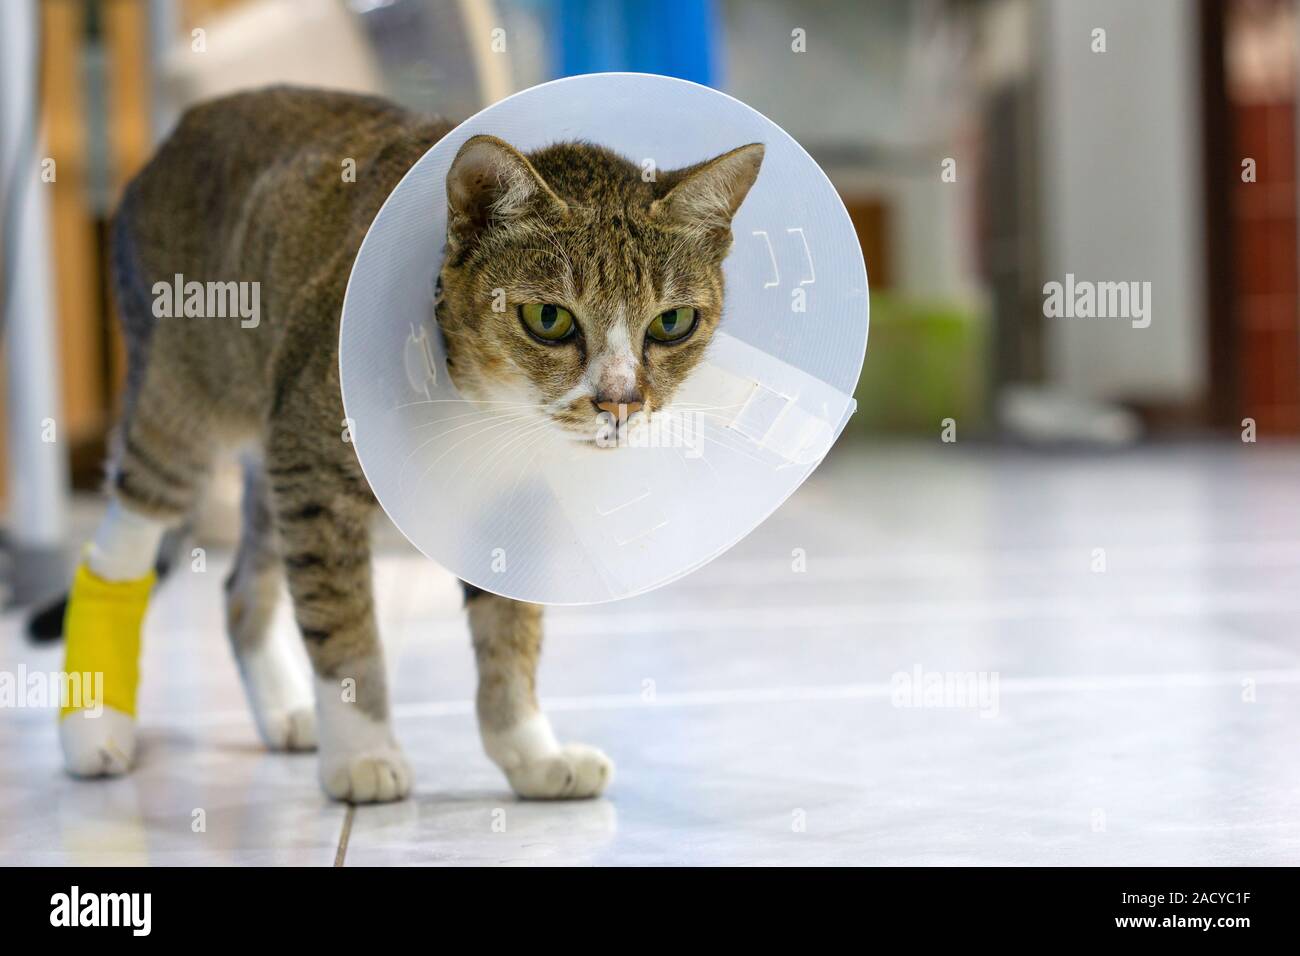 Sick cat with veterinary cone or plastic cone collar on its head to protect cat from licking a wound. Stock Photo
⁂
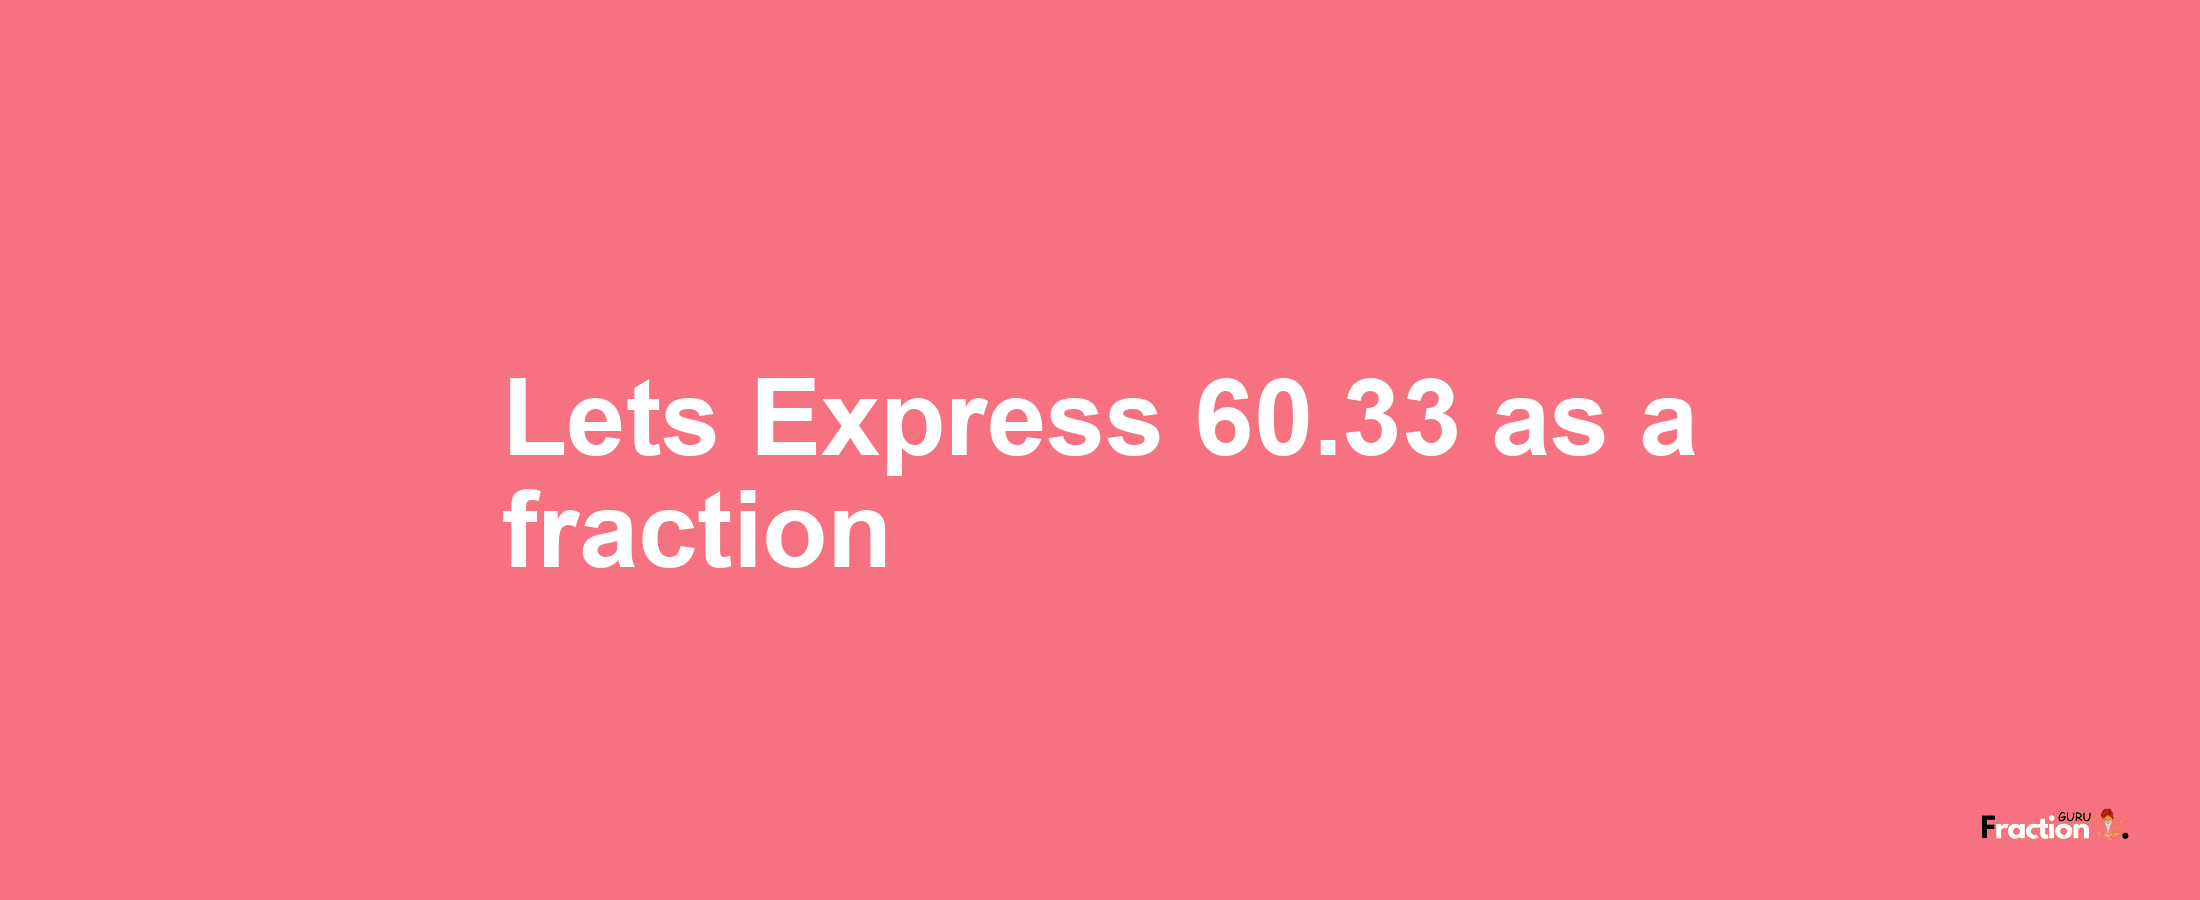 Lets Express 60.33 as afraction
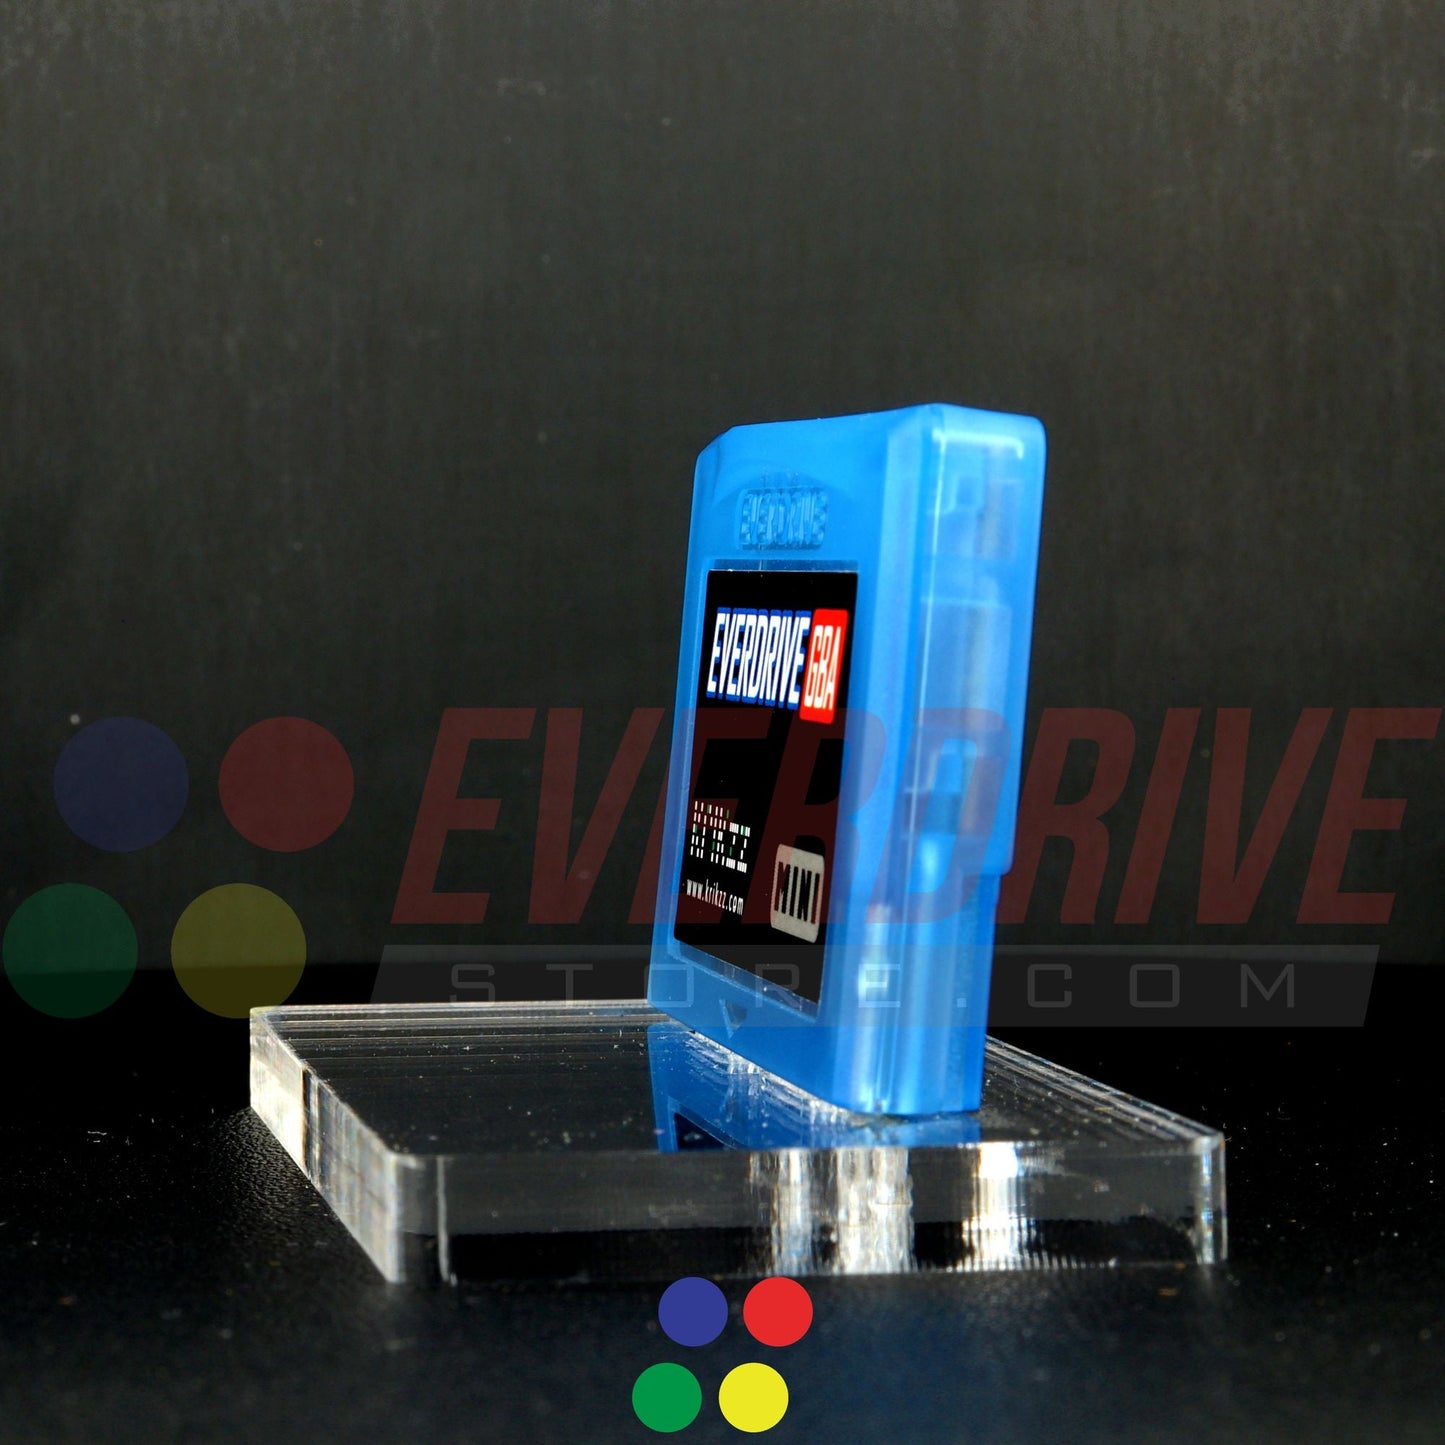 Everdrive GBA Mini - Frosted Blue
⁂
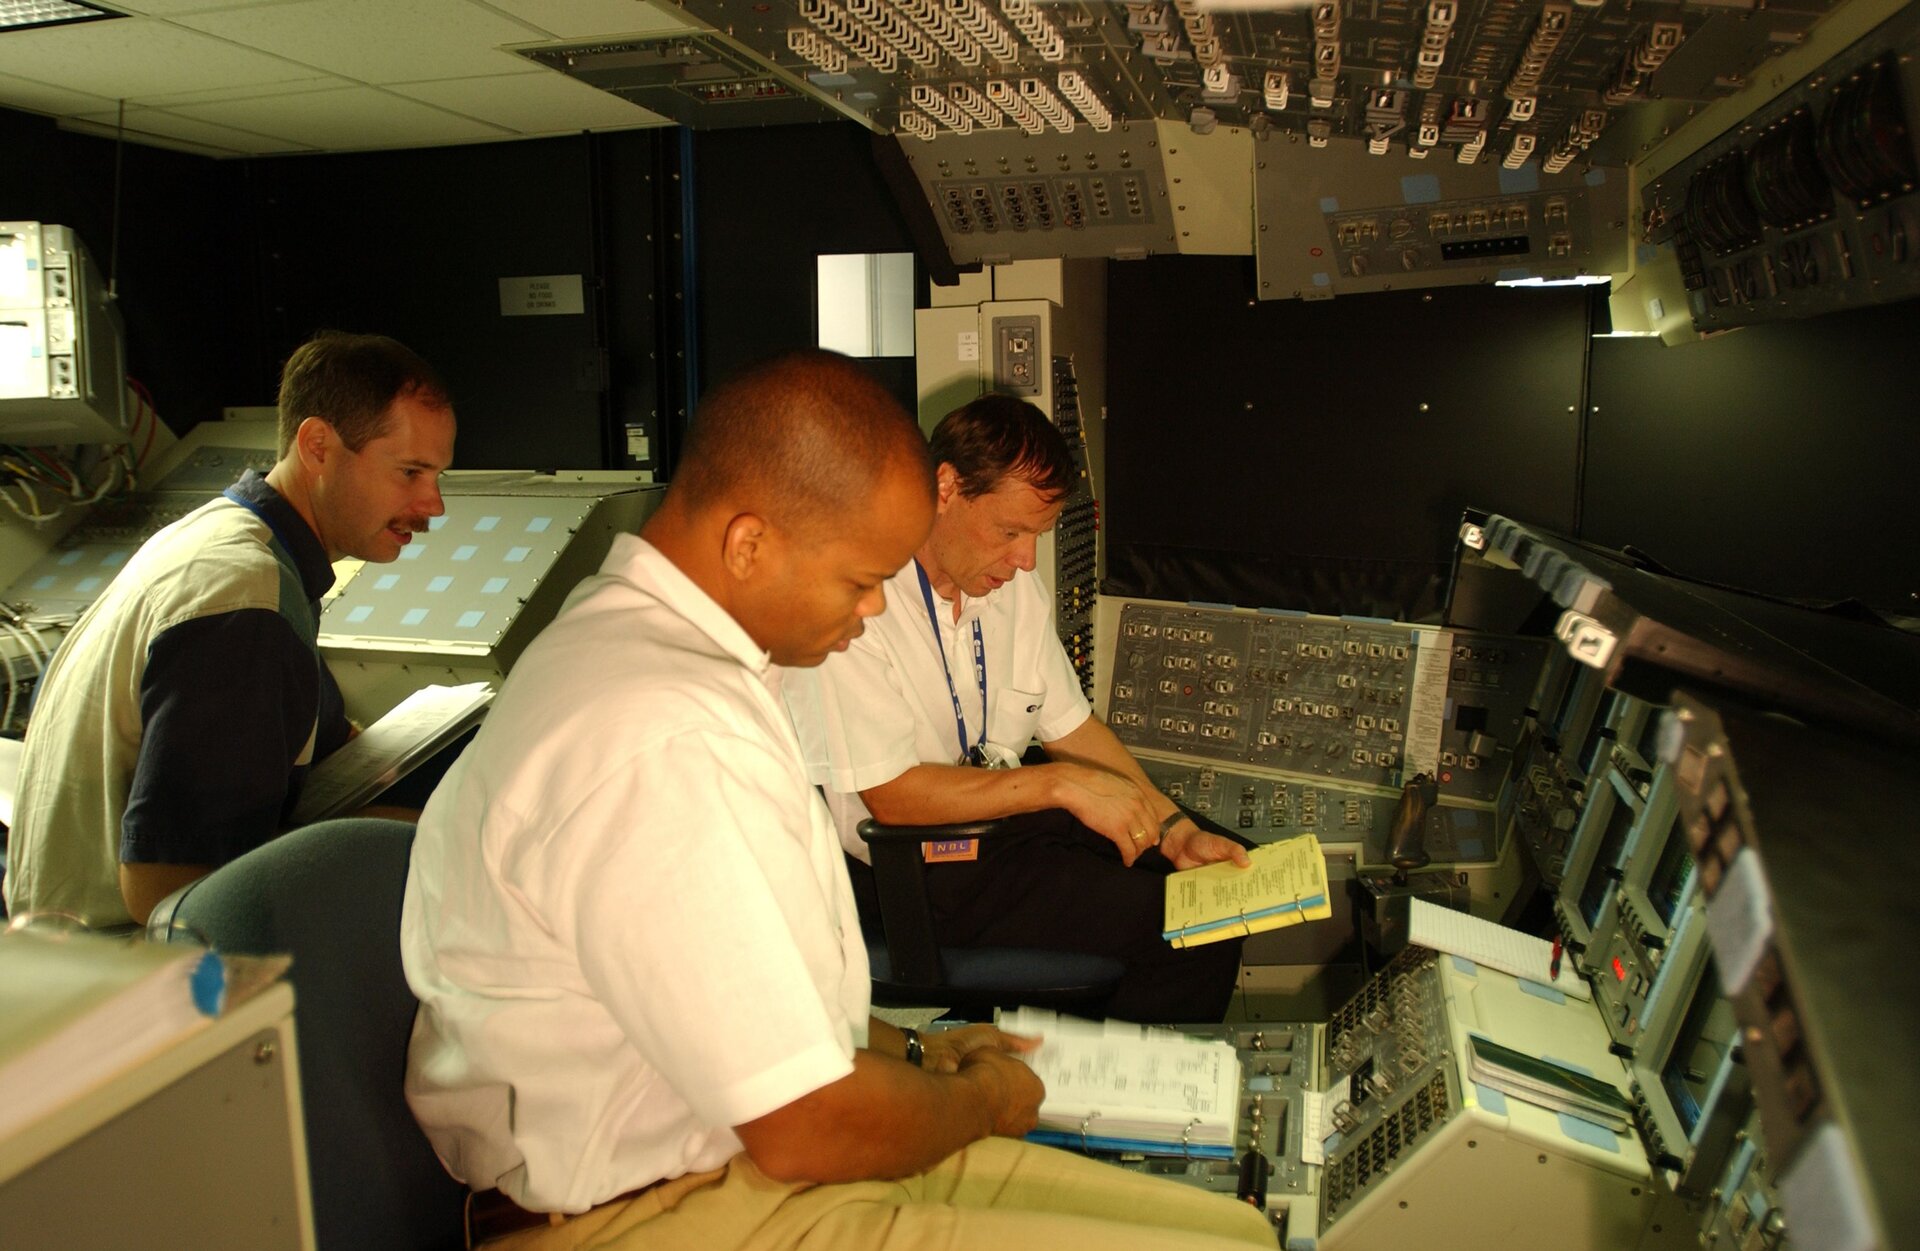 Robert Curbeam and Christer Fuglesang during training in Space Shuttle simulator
⁂
Repeat exactly the stretch of the listing above that starts with the line holding "Lets Express 60.33 as afraction" and finishes with the line holding "Everdrive GBA Mini - Frosted Blue", both included. Skip every picture.

— RESULT OF THE EXERCISE —
 Lets Express 60.33 as afraction
 Everdrive GBA Mini - Frosted Blue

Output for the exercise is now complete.